• **What you have to do**:
Below is a block of records. Copy every line in it that contains the word "Total".

(Stored items from a collection)
- - -

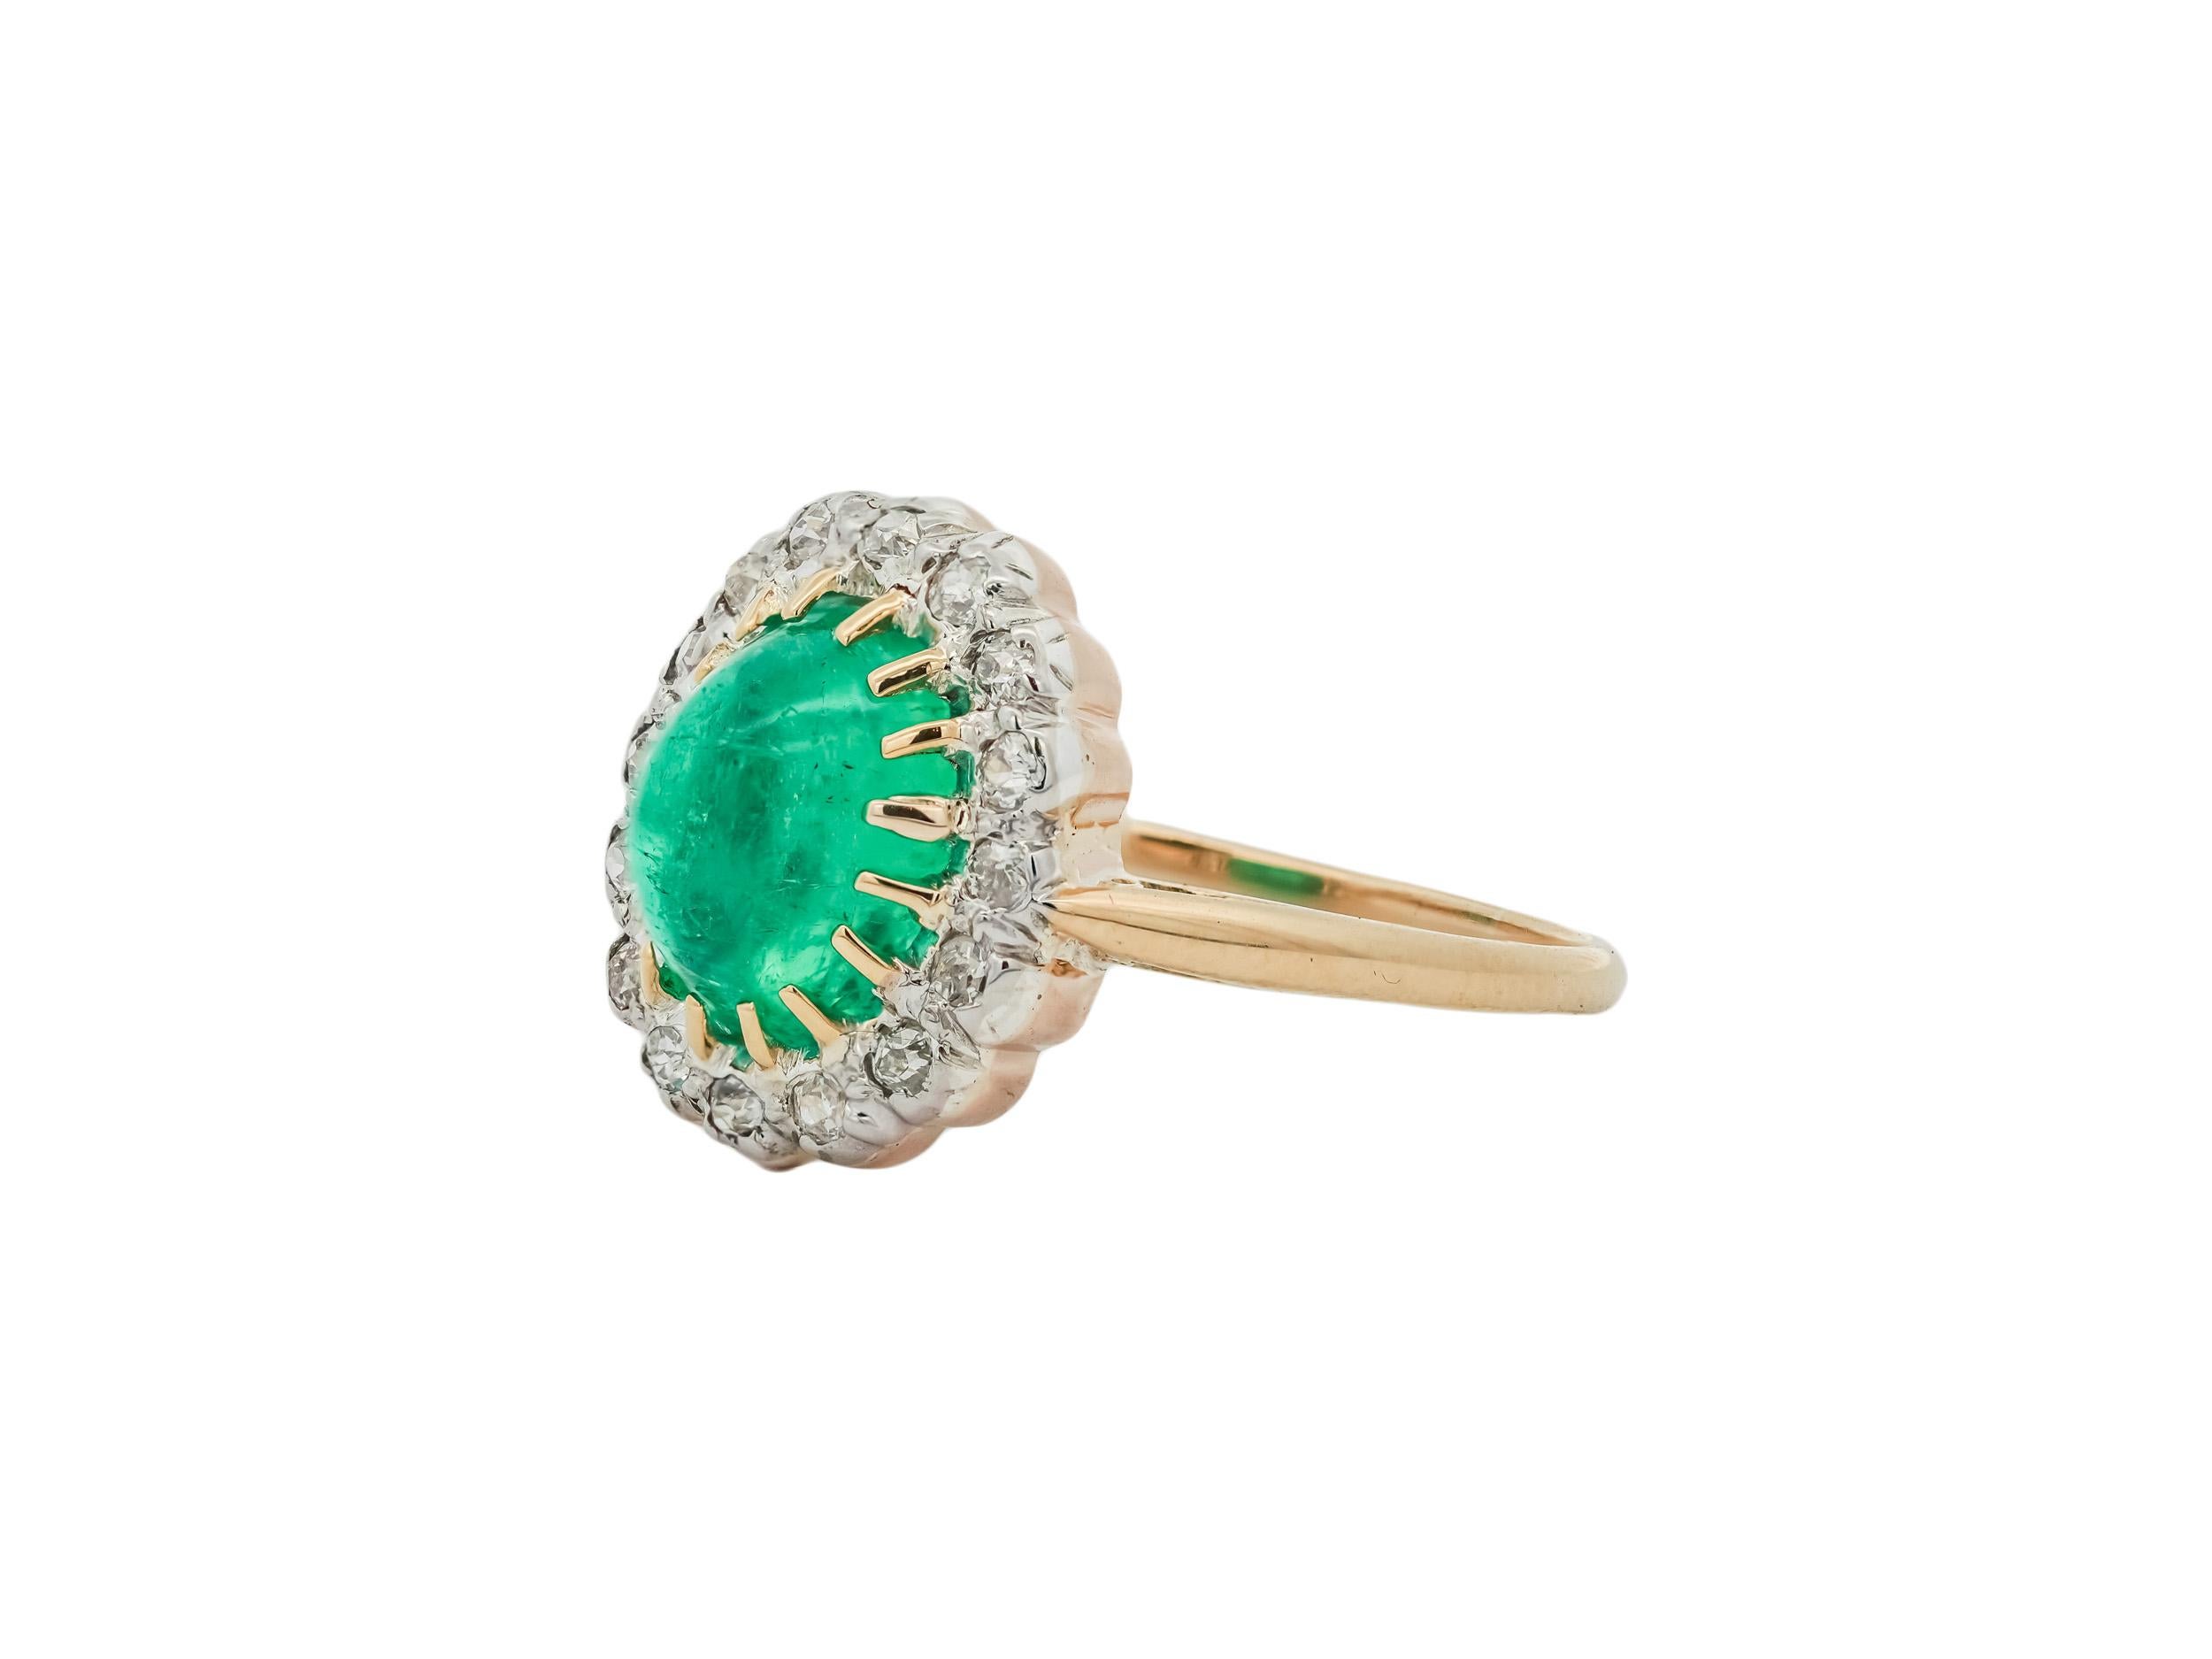 Era: Late Victorian to Early Edwardian c. 1895-1905

Metal: Platinum and 14K Yellow Gold

Stones: 

Emerald Total Carat Weight: 2.30 Carats
Diamond Total Carat Weight: 0.25 Carats
Measurements: 

Length: 14.4 mm 
Width: 12.4 mm 
Shank Width: 1.5 mm
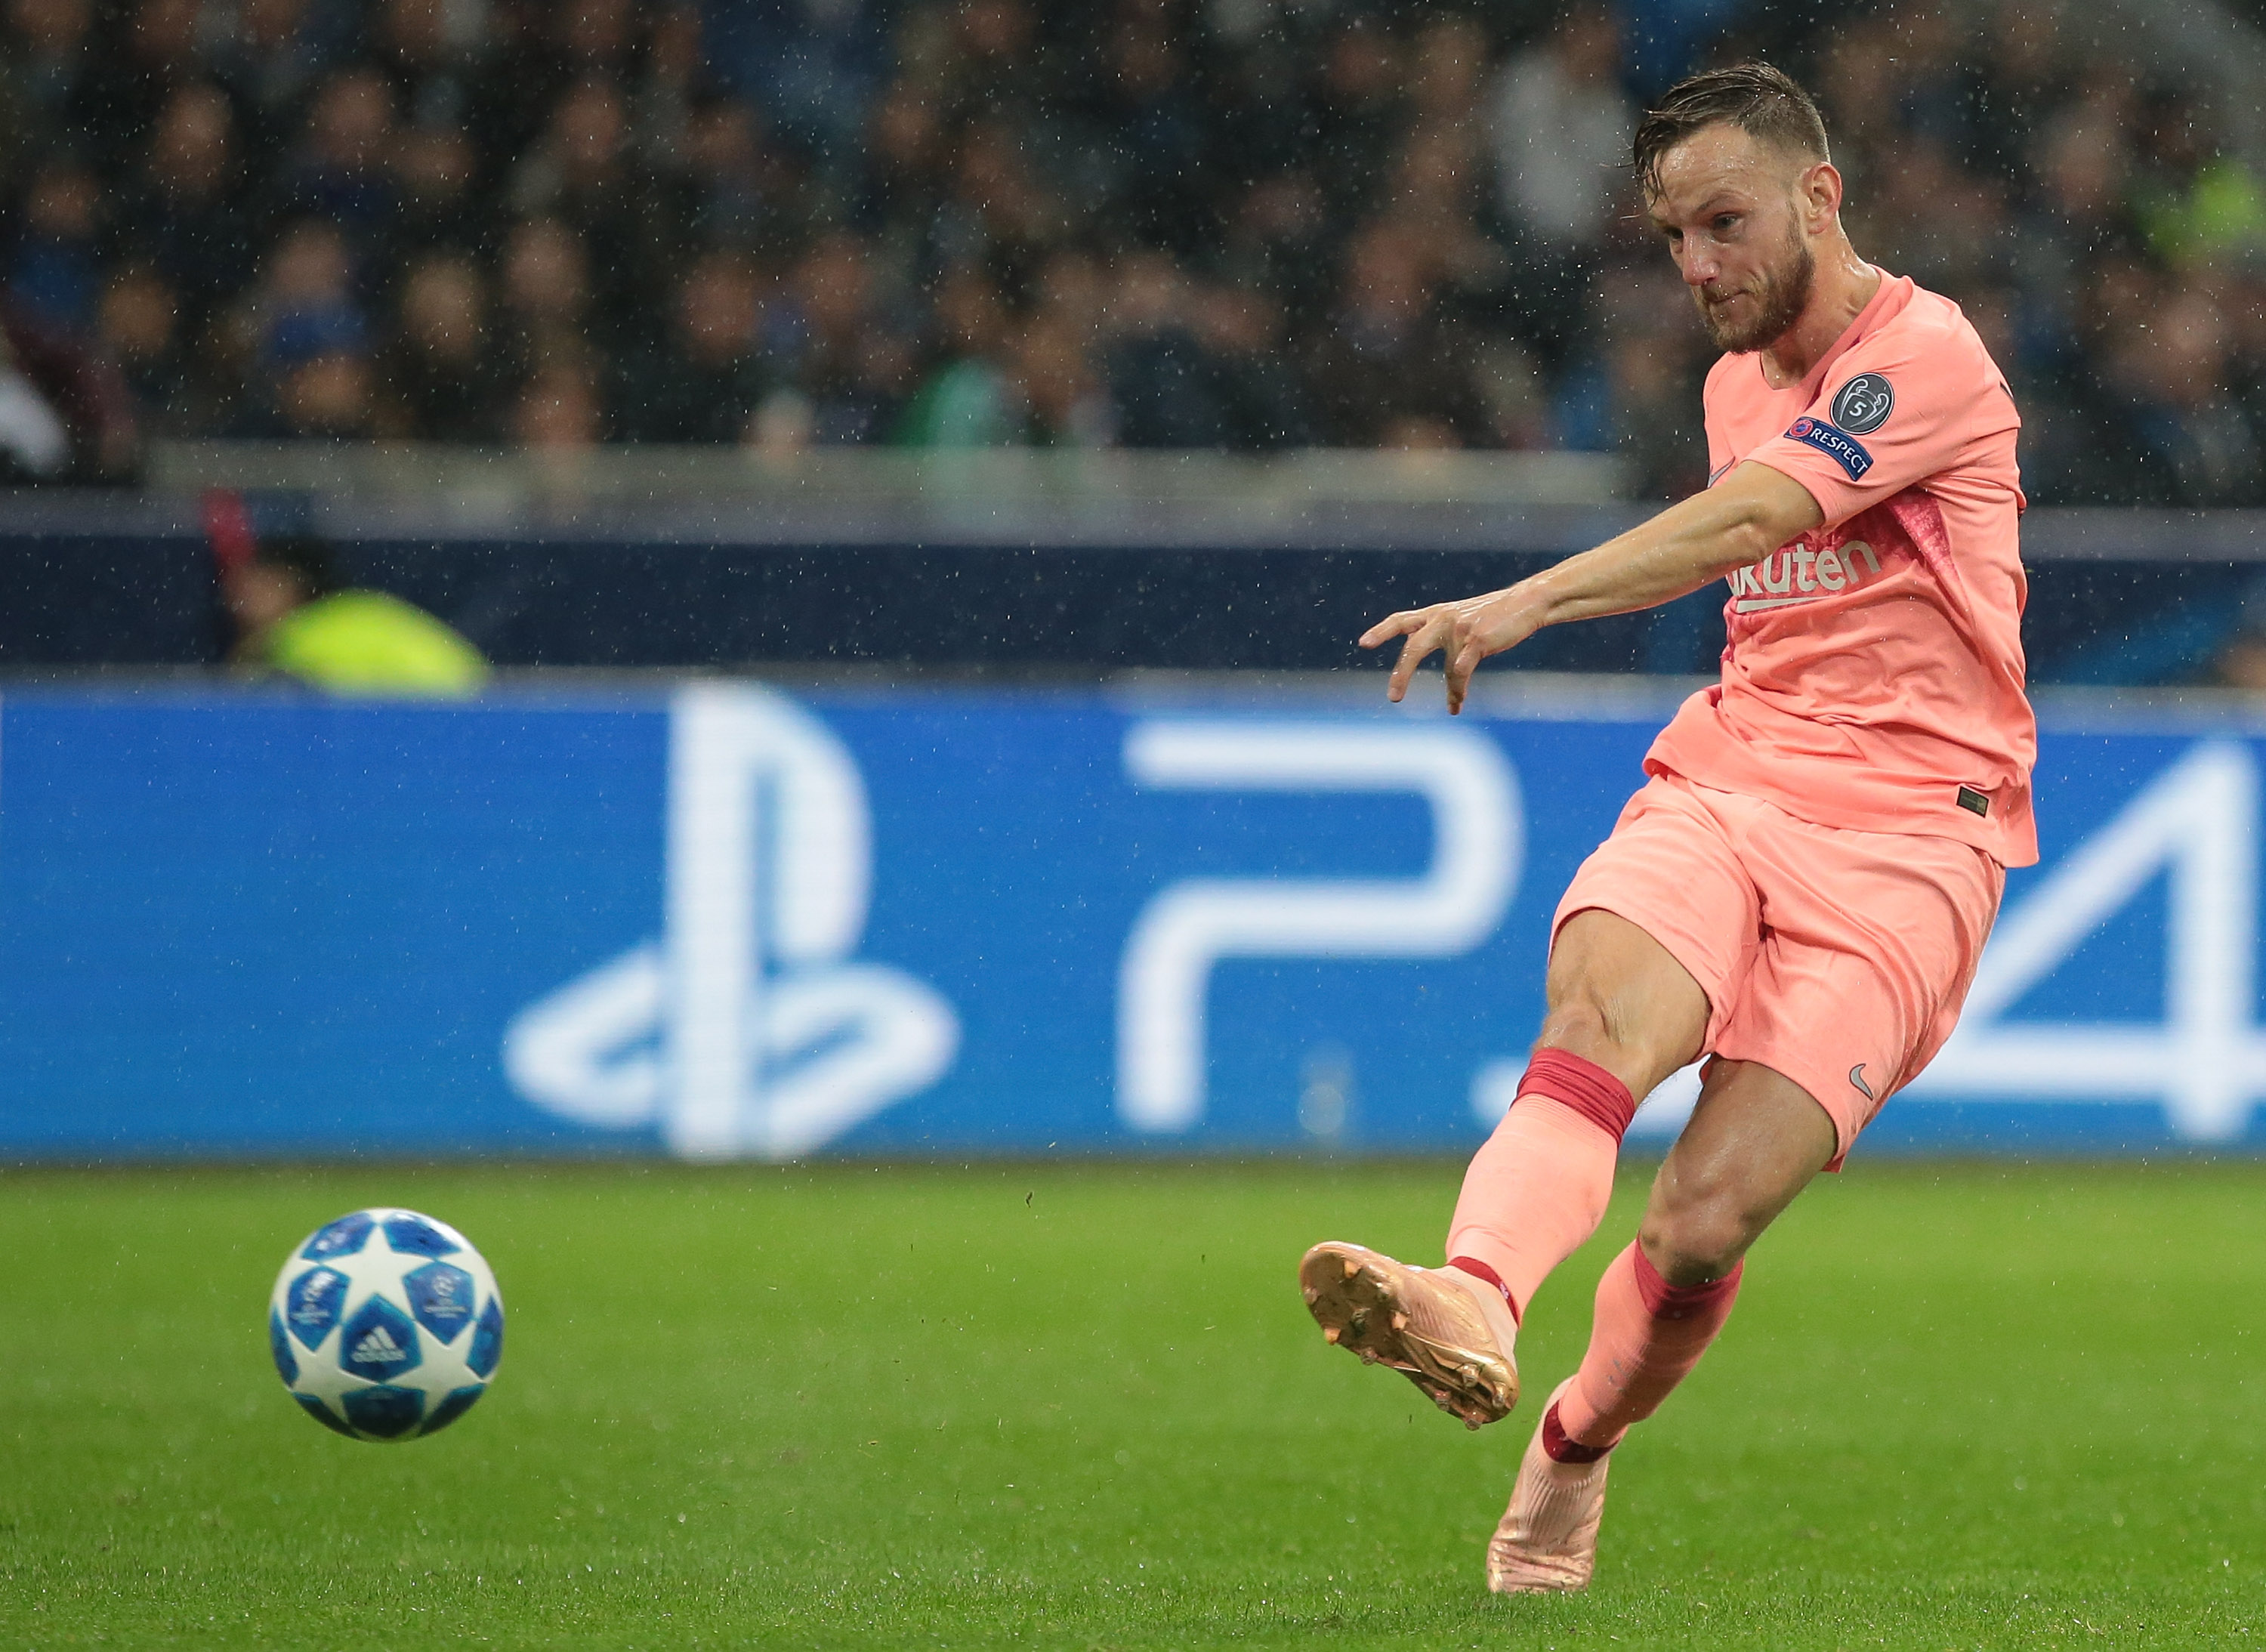 MILAN, ITALY - NOVEMBER 06:  Ivan Rakitic of FC Barcelona kicks the ball during the Group B match of the UEFA Champions League between FC Internazionale and FC Barcelona at San Siro Stadium on November 6, 2018 in Milan, Italy.  (Photo by Emilio Andreoli/Getty Images)

- - -

• **Reply**:
Emerald Total Carat Weight: 2.30 Carats
Diamond Total Carat Weight: 0.25 Carats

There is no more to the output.